Tuesday, April 26, 2011

you believed baby.

On that note, I should probably say that he's text me the last few days. Of the three messages I've got, I haven't answered any. In fact, I haven't even read them on bbm. And I know how frustrating that is. It's probably selfish of me but I just feel like after putting my heart on the line every day for 8 months, I feel like now he can make an effort if I'm important to him. I tried to make an effort every single day and I'm just not sure that I have it in me to keep trying.
I've dreamed about him lots lately and he keeps trying to get back together in my dreams and for the first time I told him 'not yet'. I was really proud of myself after I woke up to that, especially more than once. It's not because I don't love him or I don't want to be with him, I mean I want to spend the rest of my life with him. And it's definitely not because I want to be with someone else, I just need to be alone. We need to be alone.
I love that kid with my whole heart, I really do. But I know that if our relationship is going to work out, now isn't the time. We both have a lot of growing up to do and we both need to accomplish some things in our life before we make a lifelong committment. We've discussed how we don't want to make decisions at nineteen for the other one, because we don't want to end up not following our dreams and resenting each other as a result. We've discussed how scary it is to see a future with someone at 16 and 17 and 18 years old. And that's what happened to us.
I was scared shitless when I saw a future with him. When he asked me to move in with him I wanted to run to the hills. And how stupid am I? The boy I love more than anything wanted to spend his life with me and I ran away and did everything I could to destroy it. I was afraid; that doesn't make what I did okay. But it made me realize a lot of things. And lately I've learned even more.

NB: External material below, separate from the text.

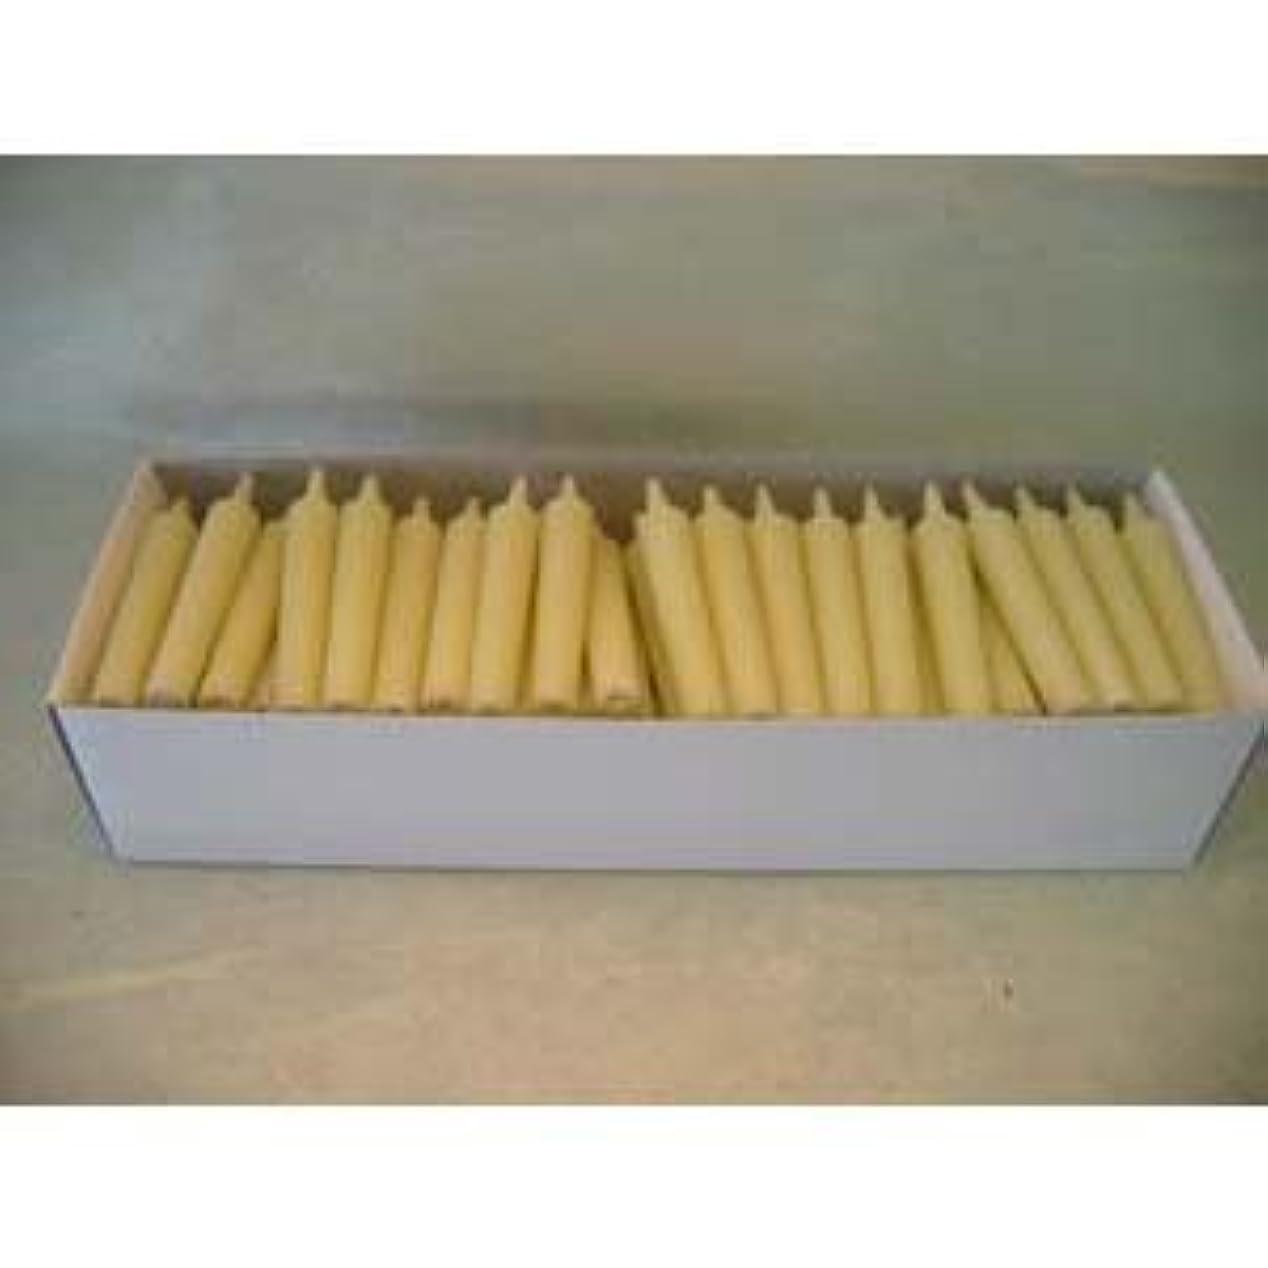 スキム風邪をひく理容室和ろうそく 型和蝋燭 ローソク 豆型 棒タイプ 白 100本入り

I had one other dream about him lately, only this time, it was a long time from now. Four or five years maybe, at our wedding. And my sister was giving a speech about us and how we'd been on and off for a long time and things had been really rock for awhile and then we finally got to a place where we could be together and we were so happy because we had waited and believed and fate brought us back together. She talked about how because we'd been through so much together, our love was easy to see and it was the kind of love that was easy to see it'd last forever. And during her speech we both looked at each other and I remember thinking "I'm so glad I waited" and he said to me "you believed baby, now we have our future together".
I know that it was a dream and maybe it means nothing. But maybe it means everything. And so I have to go on with my life, always loving him and believing that what is meant to be will always be; people that are meant to be together always find their way in the end.